Materials provided:
···

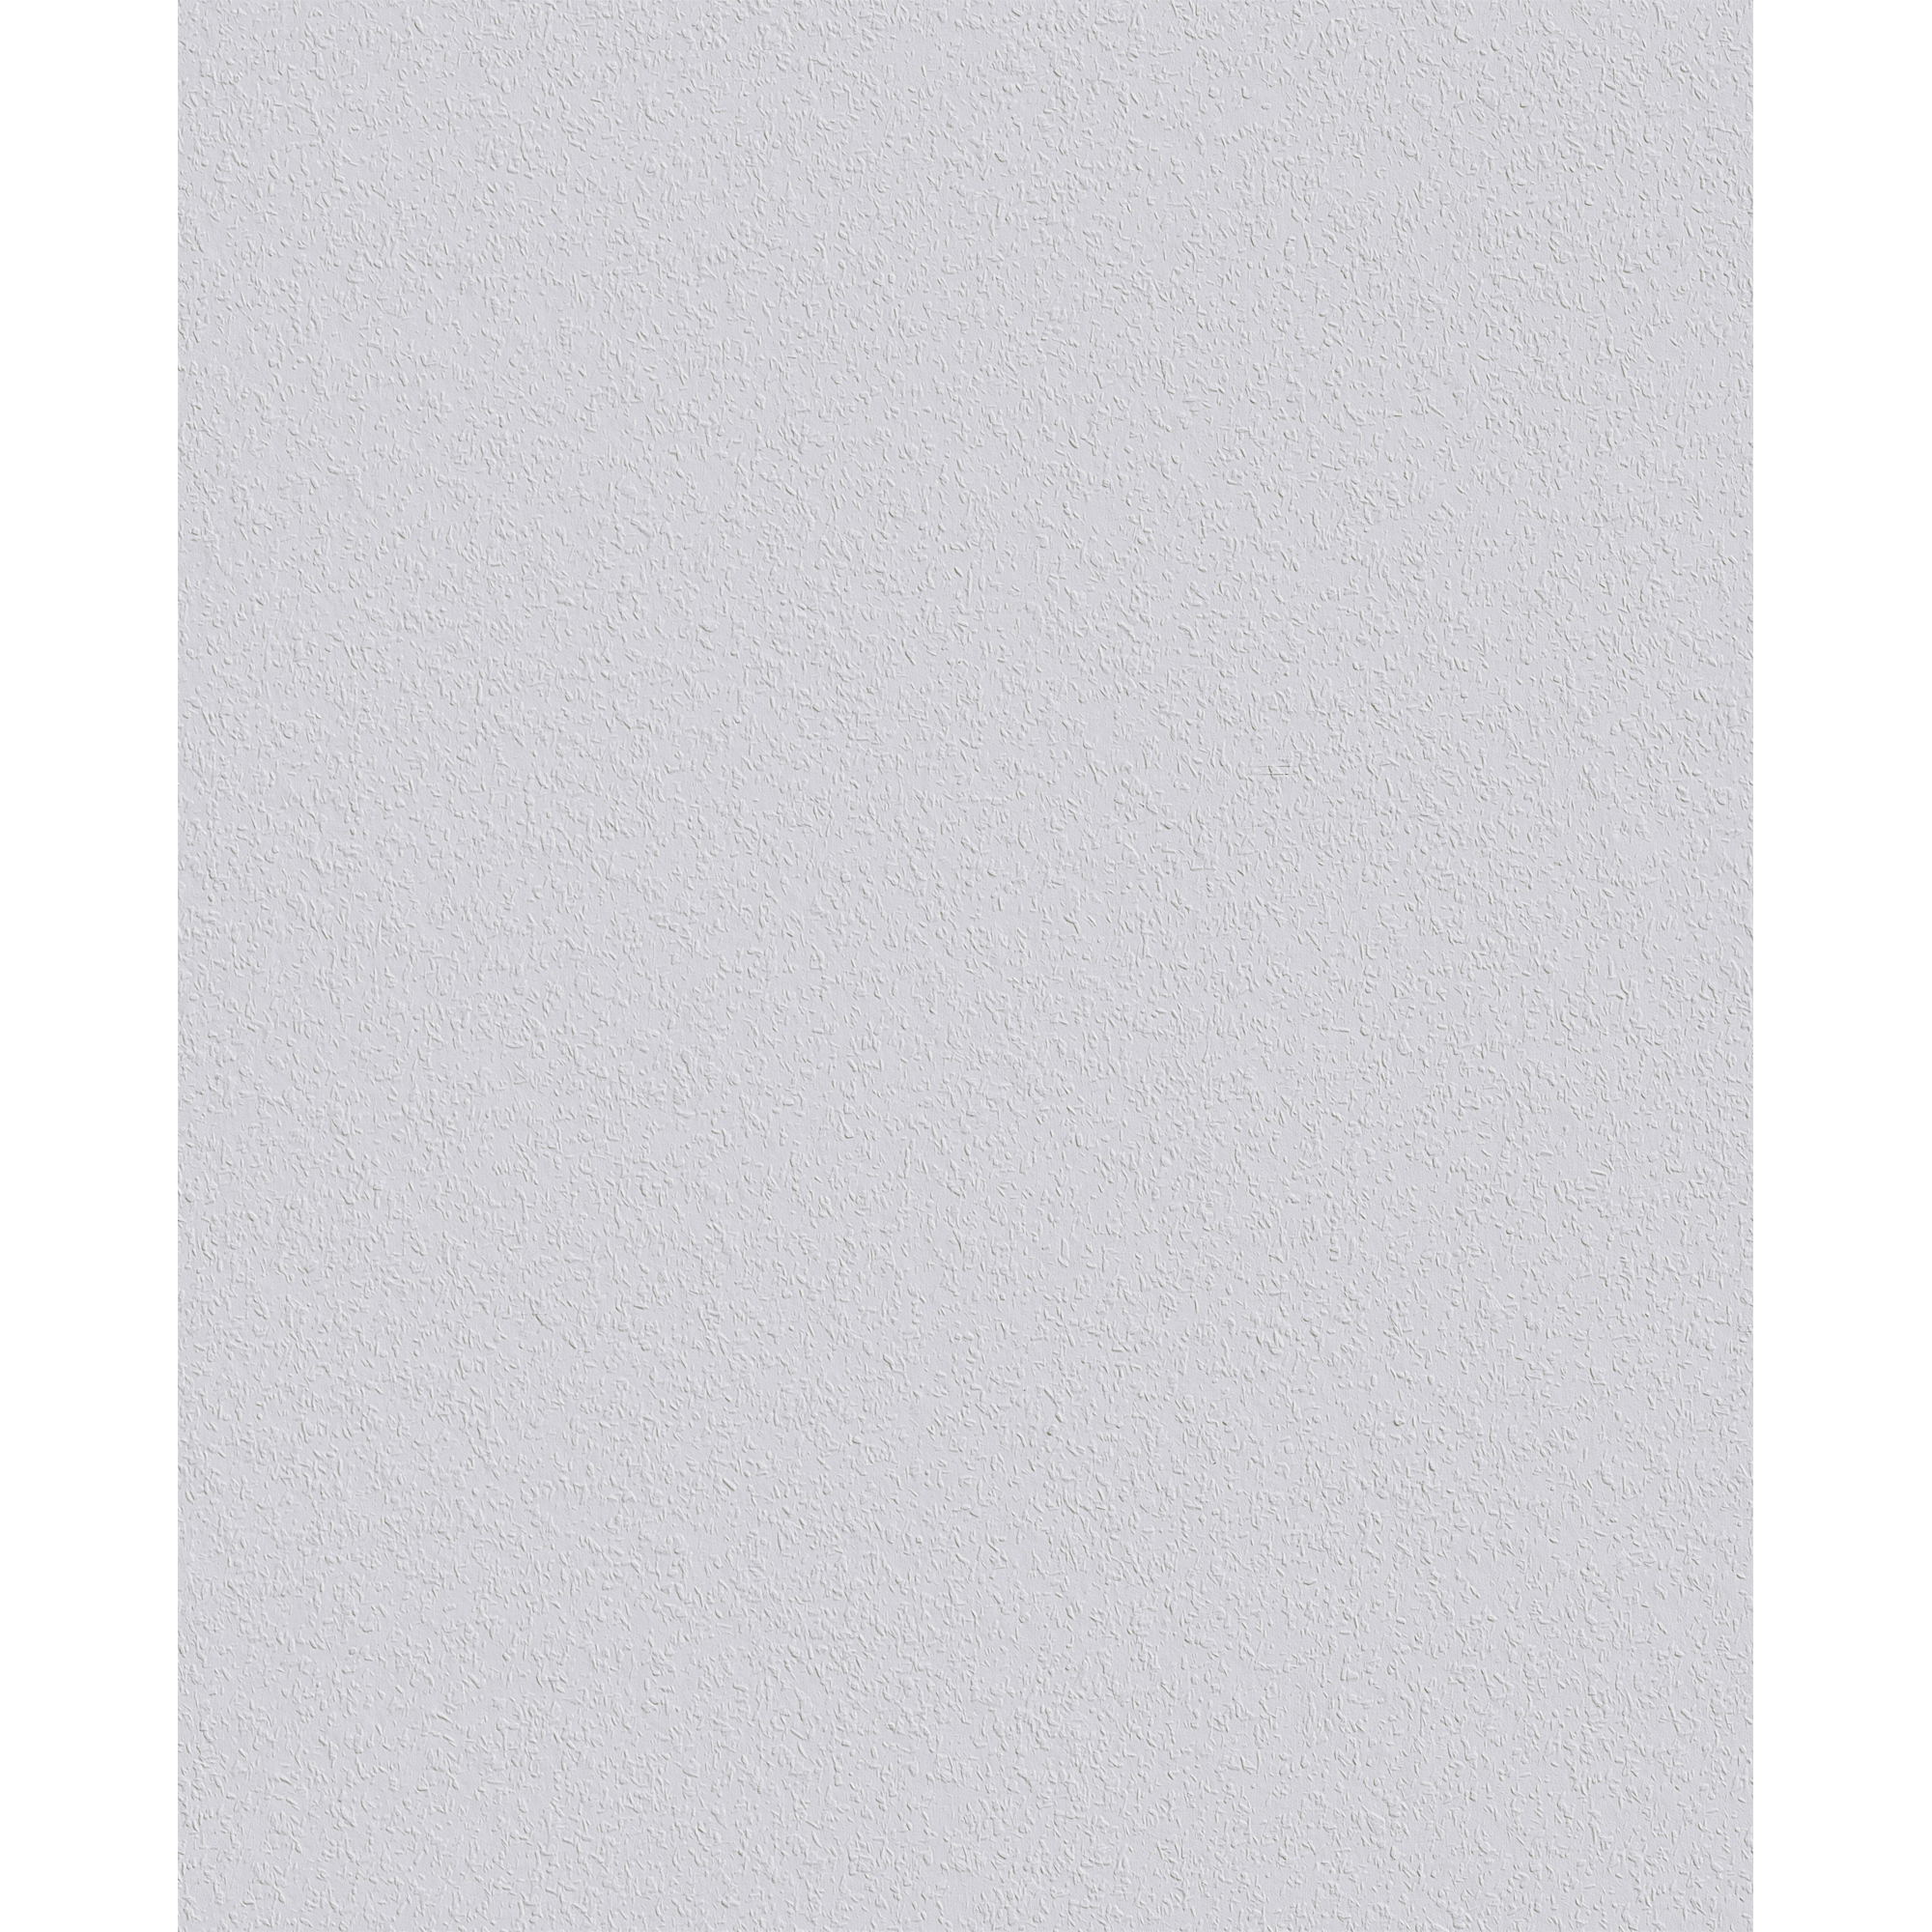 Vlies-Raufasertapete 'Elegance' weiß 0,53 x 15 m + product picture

···

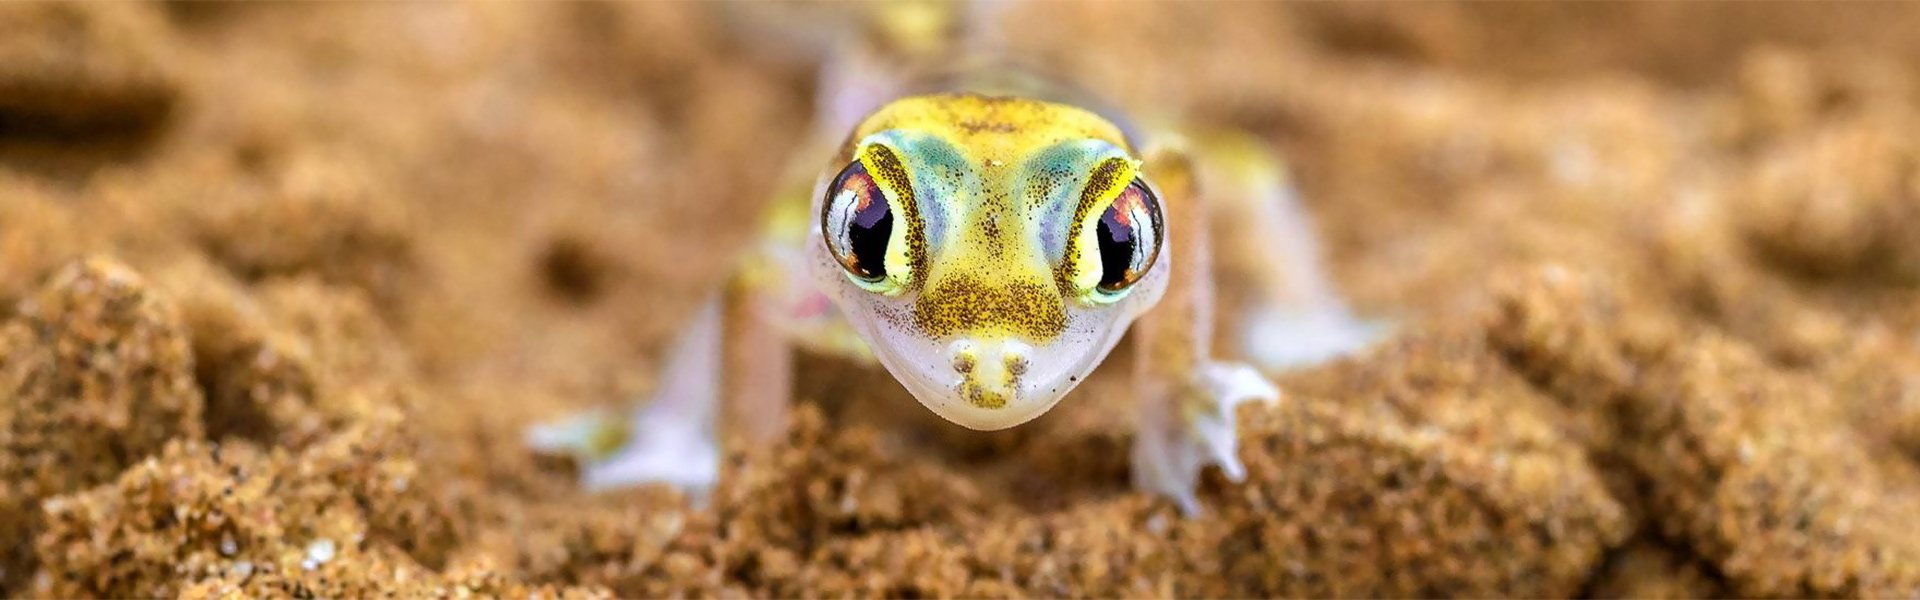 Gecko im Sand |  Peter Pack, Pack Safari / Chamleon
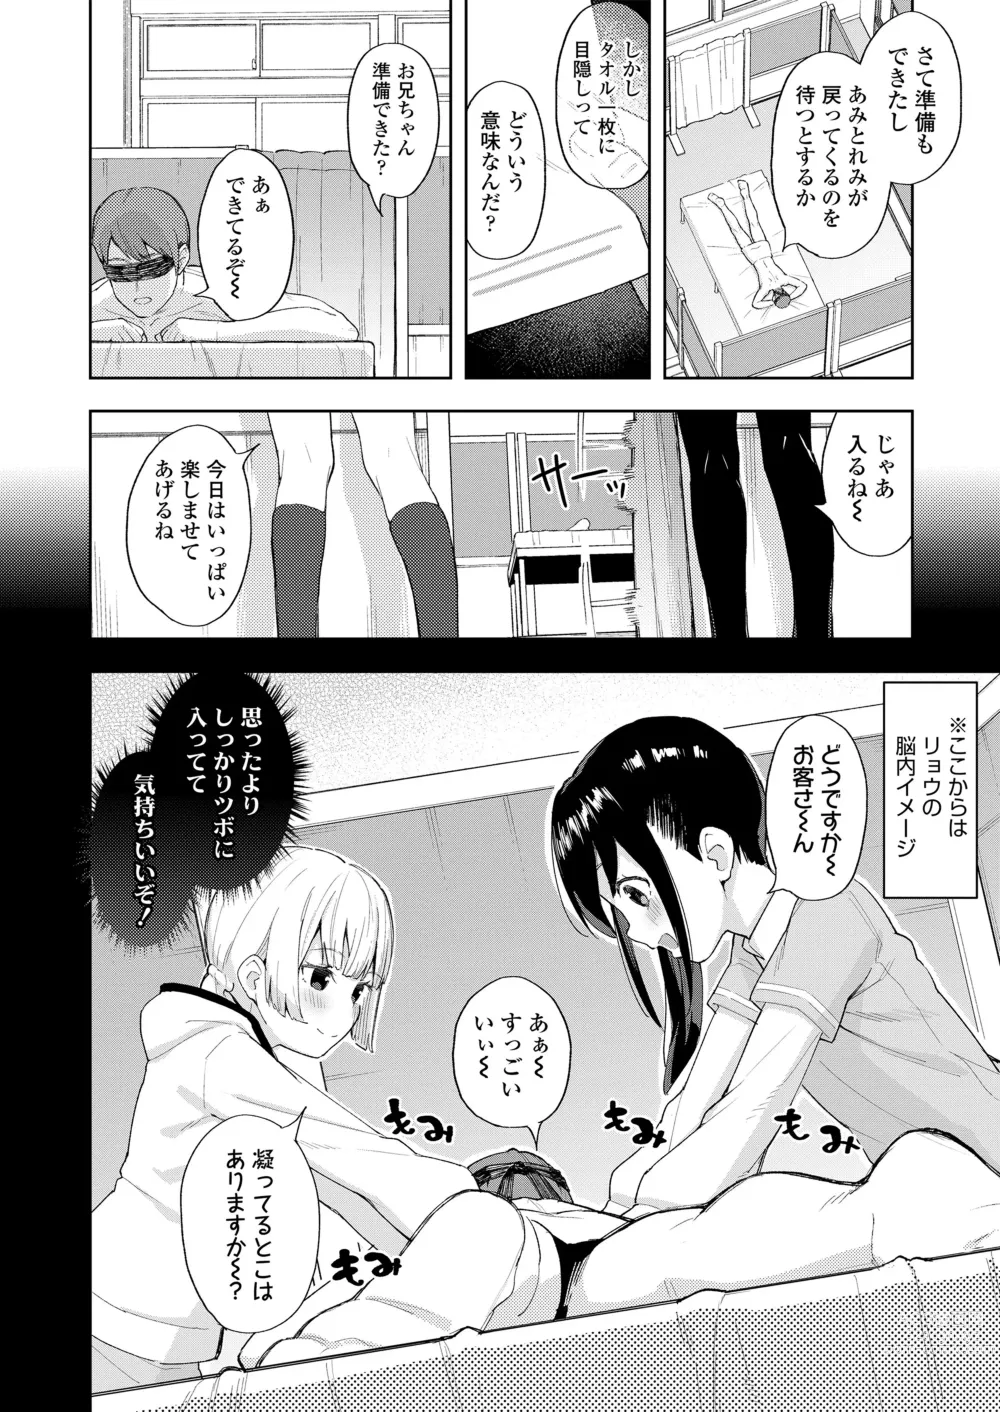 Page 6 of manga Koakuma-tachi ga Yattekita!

···

Activity:
In the entries above, find the line containing "Gecko im Sand" and the line containing "Page 6 of manga Koakuma-tachi ga Yattekita!", then copy both and every line between them exactly, without any picture.

Written reply:
 Gecko im Sand |  Peter Pack, Pack Safari / Chamleon
 Page 6 of manga Koakuma-tachi ga Yattekita!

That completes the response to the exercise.